IDENTIFICATION OF GENETIC DIFFERENCES BETWEEN TUMORS ARISING IN DIFFERENT BRAIN REGIONS. Meredith G. Albin1, Mukesh K. Sharma2, David H. Gutmann2, Biology Department, Washington University, St. Louis, MO1, Neurology Department, Washington University School of Medicine, St. Louis, MO2
The most common brain tumor in adults is the glioma, a tumor composed of glial cells. In children, gliomas represent the second most common brain tumor. In an effort to identify genes involved in the molecular pathogenesis of glioma, studies in our laboratory have focused on the low-grade pilocytic astrocytoma (PA). These tumors are most commonly located in the optic pathway/hypothalamus, cerebellum cortex, and brainstem. Using high-density microarrays, we demonstrated that PAs arising in different brain regions have distinct patterns of gene expression. These initial findings were next validated on an independent set of PA tumors arising supratentorially (e.g., cortex) or in the posterior fossa (e.g., cerebellum). To determine if this differential brain region-specific pattern of gene expression was also observed in another glial cell tumor type, we studied ependymomas, and identified eight genes with patterns of differential gene expression shared with PAs.
Based on our finding that gene expression patterns might distinguish tumors from different brain regions, high-density gene expression profiling was employed to distinguish normal glial cells arising from these different brain regions. We chose to compare normal cells (astrocytes) and tumors arising supratentorially with those arising in the posterior fossa. Using Significance Analysis of Microarrays (SAM) analysis, a set of genes with differential brain region-specific expression in astrocytes was identified. These findings were validated using quantitative real time reverse transcriptase polymerase chain reaction (RT-PCR) on independent cultures of cortical and cerebellar astrocytes from postnatal day 1 mice.
To investigate whether these differential patterns of gene expression identified region-specific cells of origin for both normal glial cells and glioma, we used bioinformatics algorithms to identify genes whose expression could distinguish both tumors (ependymomas and PAs) and normal astrocytes by brain location. Five genes were identified with common patterns of differential expression between astrocytes, ependymomas, and PAs. Additionally, the gene expression pattern of neural stem cells from these different brain regions was analyzed, and we found that this shared pattern of differential gene expression was retained in these progenitor cells. These findings are important because both normal astrocytes and glial cell tumors are thought to arise from neural stem cells.

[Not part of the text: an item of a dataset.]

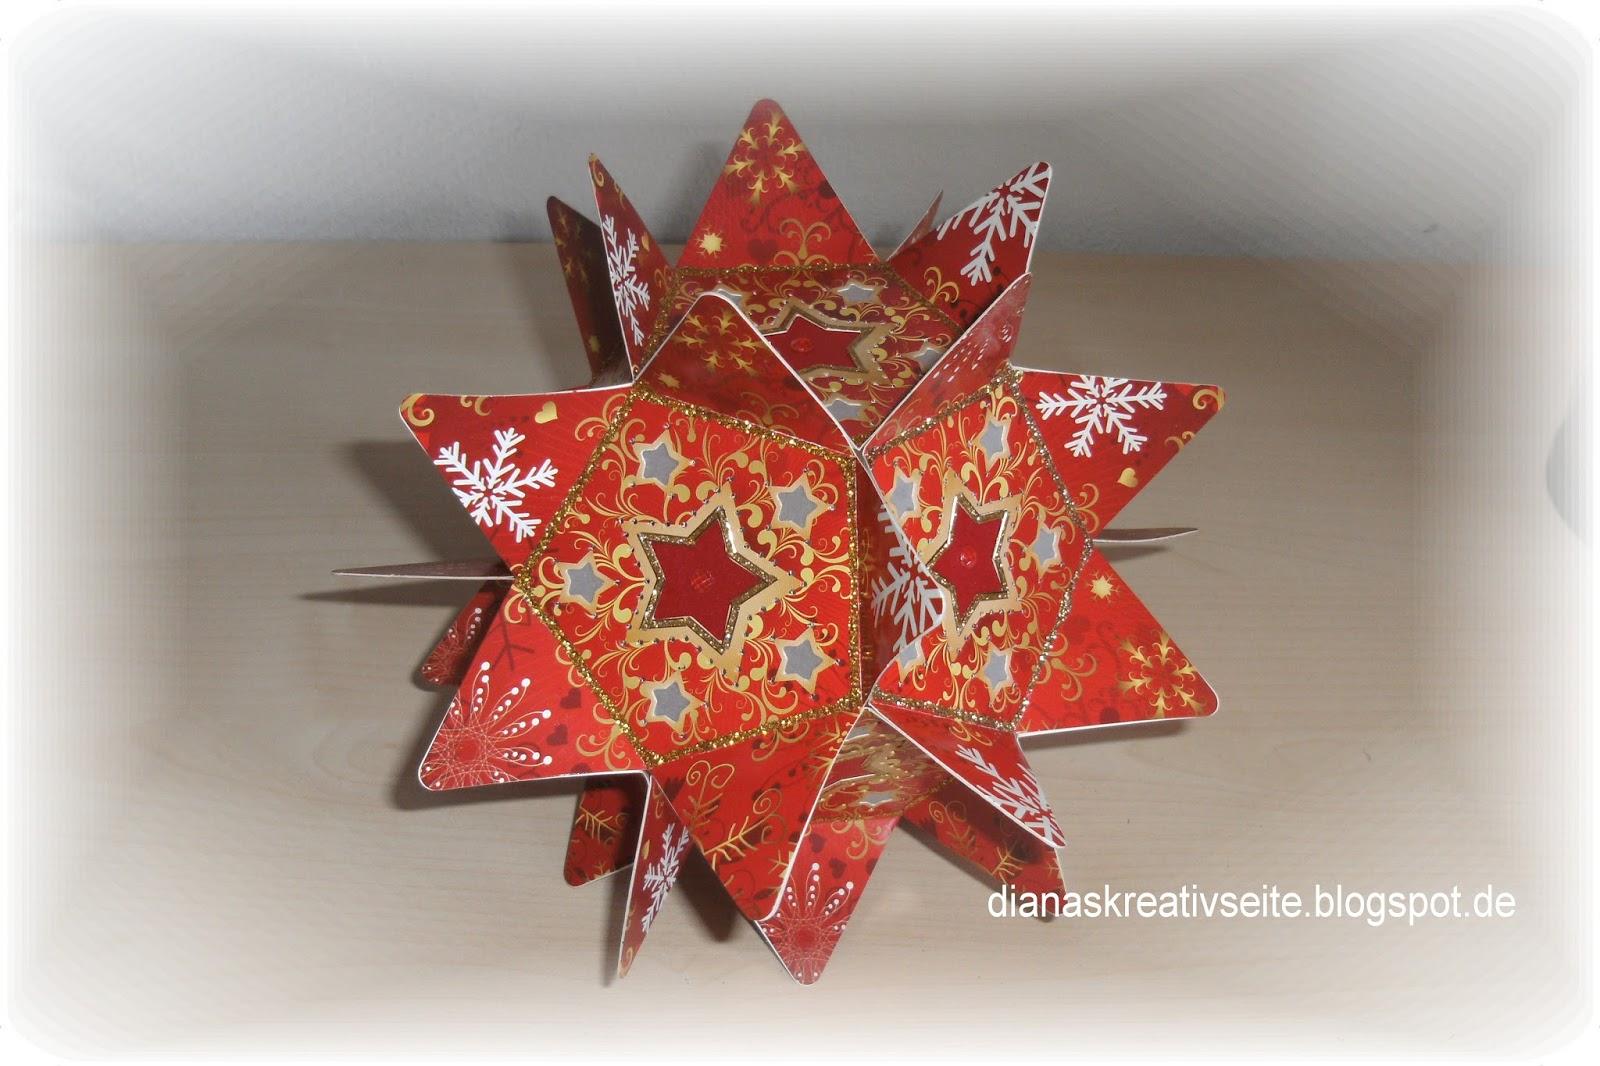 dianas kreativseite roter weihnachtsstern. Black Bedroom Furniture Sets. Home Design Ideas

Our observations and further studies currently ongoing in the laboratory will enhance our understanding of the genetic differences between glial tumors arising in different regions of the brain. Defining differential gene expression signatures retained in glial cell tumors, normal differentiated glial cells, and neural stem cells may be a useful tool for identifying specific progenitor cells. This may enable us to identify specific subpopulations of progenitor cells that confer unique biological properties on both normal astrocytes and glial cell tumors.